Опригопы, в свою очередь, подразделялись на шесть классов: Опригопы высшего класса, затем Опригопы первого, второго, третьего, четвертого и пятого классов.

В те лучшие утренние часы, когда в прежнее время больные, медленно и со вкусом выпив МВ, благодушно обменивались соображениями о развитии или угасании недугов, теперь бульвары окружала цепь гвардейцев. Пение птиц заглушалось вполне вежливыми, однако не терпящими возражений командами: «Попрошу, синьор!», «Очистите место, миссис!», «Подайте назад, мосье!»

Когда бульвары пустели, от резиденций, расположенных за зарослями колючих роз, начиналось шествие Опригопов высшего класса. Их везли белые и серые слоны, «мерседесы» и «бьюики», упряжки страусов и оленей и даже единороги, несправедливо числившиеся вымершими.
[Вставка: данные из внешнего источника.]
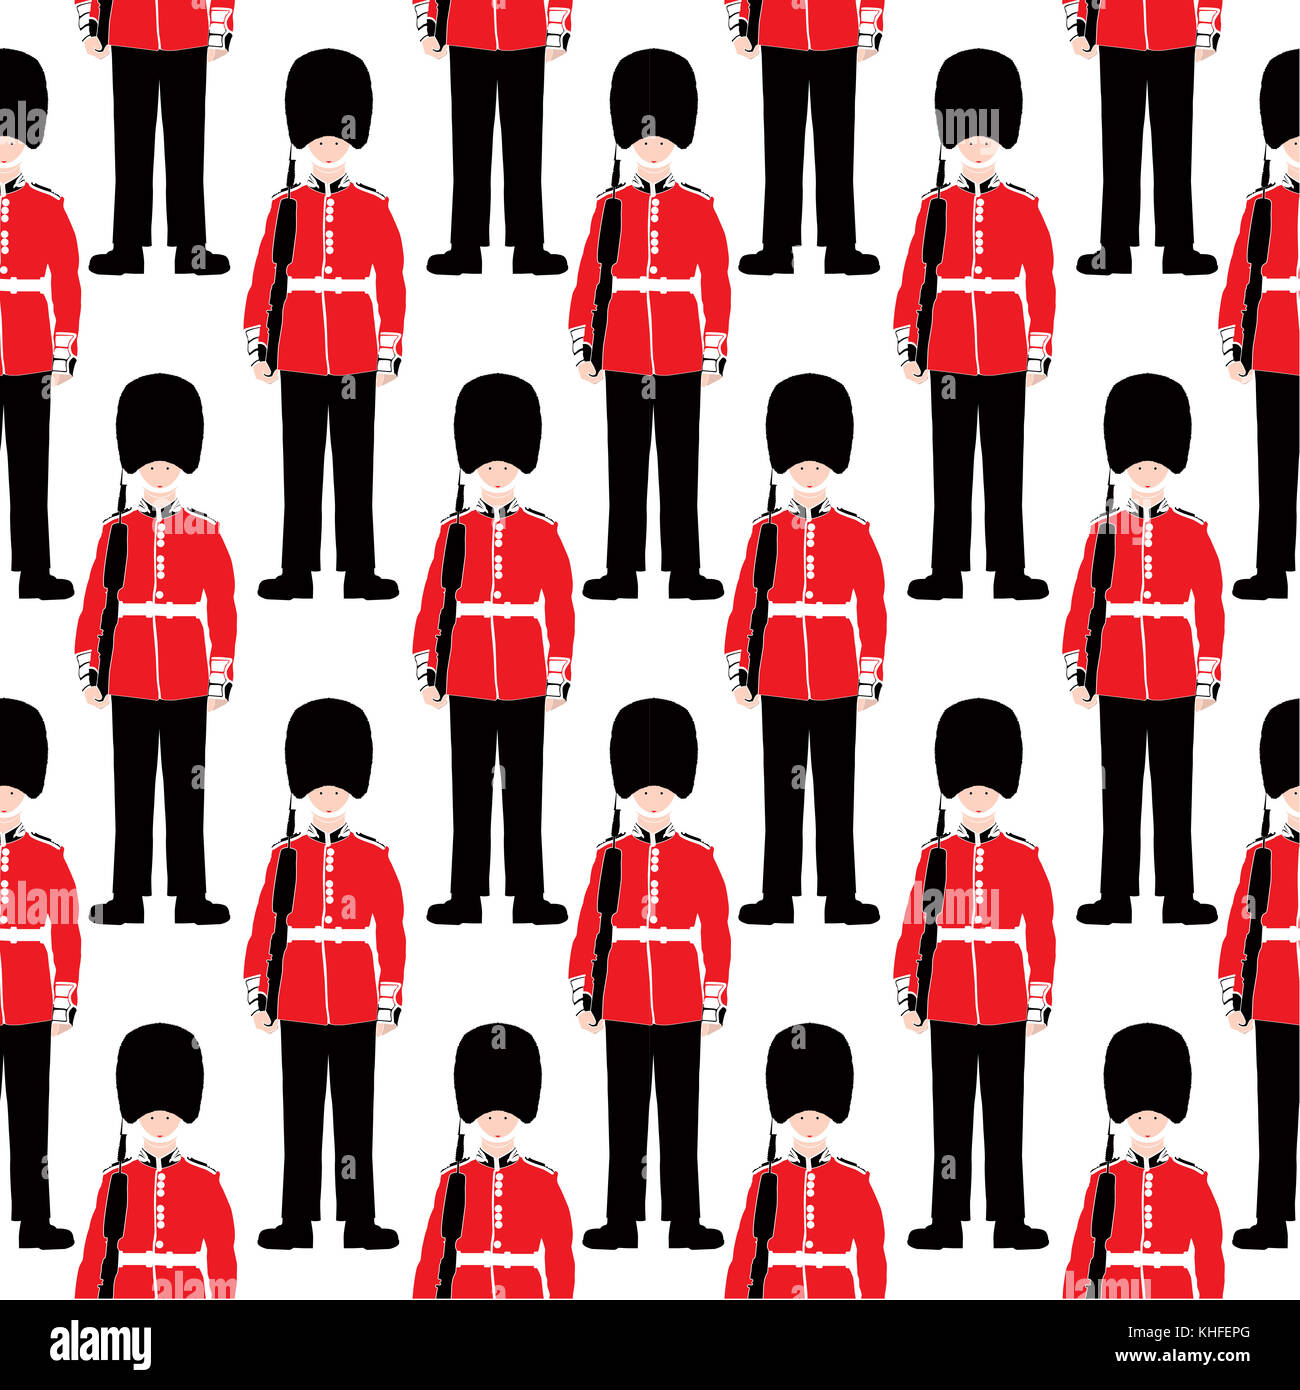 Beefeater soldier seamless pattern - London Symbol - Very detailed, isolated illustration - White background Stock Photo

За Часом Опригопов высшего класса следовал час прочих Опригопов. Бульвары наполняла разноязыкая толпа военных во всевозможных мундирах, пастырей в сутанах, монахов, судейских, которые на ходу горячо доказывали друг другу безусловное преимущество презумпции виновности перед презумпцией невиновности. Ведь только первая способствует беспрепятственному подъему по служебной лестнице и постепенному освобождению или, как выражались некоторые, «опустошению» мира от виновных, а именно виновные, вследствие самого факта первородного греха, составляют подавляющее большинство населения.

Деятельной и бодрой чередой шли чиновники, ведающие выдачей регалий и геральдикой, моралью и расцветкой тюльпанов (предоставленные самим себе, цветы могли бы избрать и несоответствующую окраску), извержениями вулканов и пением птиц, способных исполнять как вполне здоровые мелодии, так и мелодии не вполне здоровые.

— Да, да! — кричал глуховатый чиновник Птичьего ведомства с отдаленного острова Маниукорус своему еще более глуховатому начальнику, Опригопу второго класса. — С этими птицами беда! Моя бы воля, я бы их всех того… Раз-раз — и готово…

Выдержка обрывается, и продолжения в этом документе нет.